Is it reasonable to translate this as "It is hot today"? Maybe it means the same thing but would be written another way?
I got the audio, and it sounded like a question, so I wrote ‘Estas varma tago?’. Duolingo pretty much ignores punctuation, so I got it right, but …
If this was a question, how would you write that? Would my answer be correct in that case?
Thanks! (I've gotten farther and I know that now, but thanks for answering anyway.)
It depends whether you say how the day is or how it is today. Estas varmE hodiaŭ ;)

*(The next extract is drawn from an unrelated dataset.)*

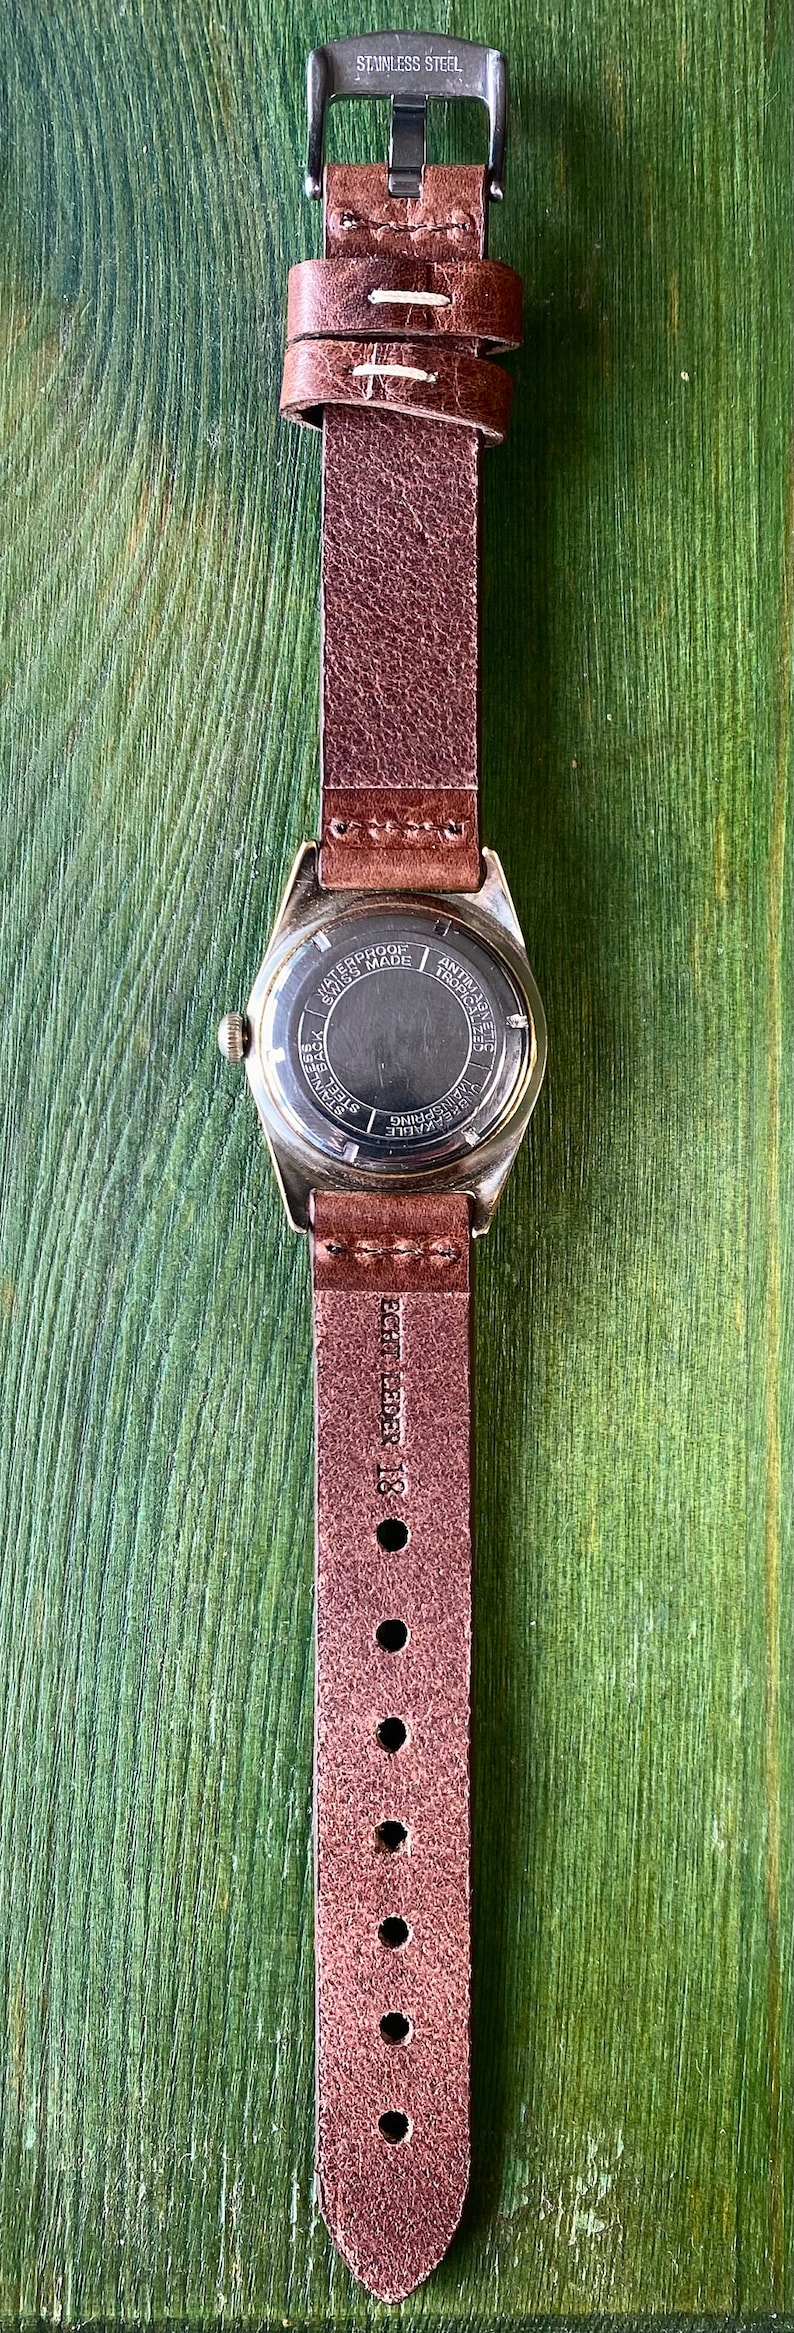 Swiss-made SR RENOVA Datumsfunktion schwarzes Zifferblatt mechanische Vintage Uhr ca. 1965 gewartet Bild 5

Yes, because the "it" in the English sentence "It is a warm day" is a dummy subject. It doesn't actually mean anything, it's just there to follow the grammar rules. What the sentence really means is "The day is warm".
We don't use dummy subjects in Esperanto, so we just say "Estas varma tago".
Only use "ĝi" where you could replace it with a noun. The 'it' must be a real thing you can give a name to. "Ĝi estas bela" (It is beautiful - meaning a specific thing, like a vase, or a cat, or a piece of music).
The dictionary hints as "a day, day", when real translation is "today".... :|
Hodiaŭ means "today", whereas tago could be any day.
Estas varma vintra tago = It's a warm winter day
This sentence keeps confusing me because "Estas" is first. Wouldn't you say, "Gi estas varma tago." ?
The "it" in English doesn't actually refer to anything; it's a placeholder. You can't replace "it" with the proper noun without changing some aspect of meaning, so Esperanto doesn't use that subject-placeholder. You could say "Ĉi-tago estas varma tago" but that is awkward and clunky, so that's why there's no subject in those kind of sentences. You could only use "ĝi" if you were referring to a specific day. "La 1a de Julio estas morgaŭ" "Jes, ĝi estos varma tago."
I barely know what you're saying because I am not that high up, but I think what you mean, basically, is that how we use "it" in English is different in Esperanto
Basically yes. Weather might be a better example. In English you say "It's raining", but what is actually raining? The "it" doesn't mean anything but English rules mean you need to include the word. In Esperanto you say "Pluvas", because present tense + rain is enough.
Couldnt this also be "today is hot" rather than "today is warm" since varma is listed as both? It makes it hard to kniw which to write when it does this.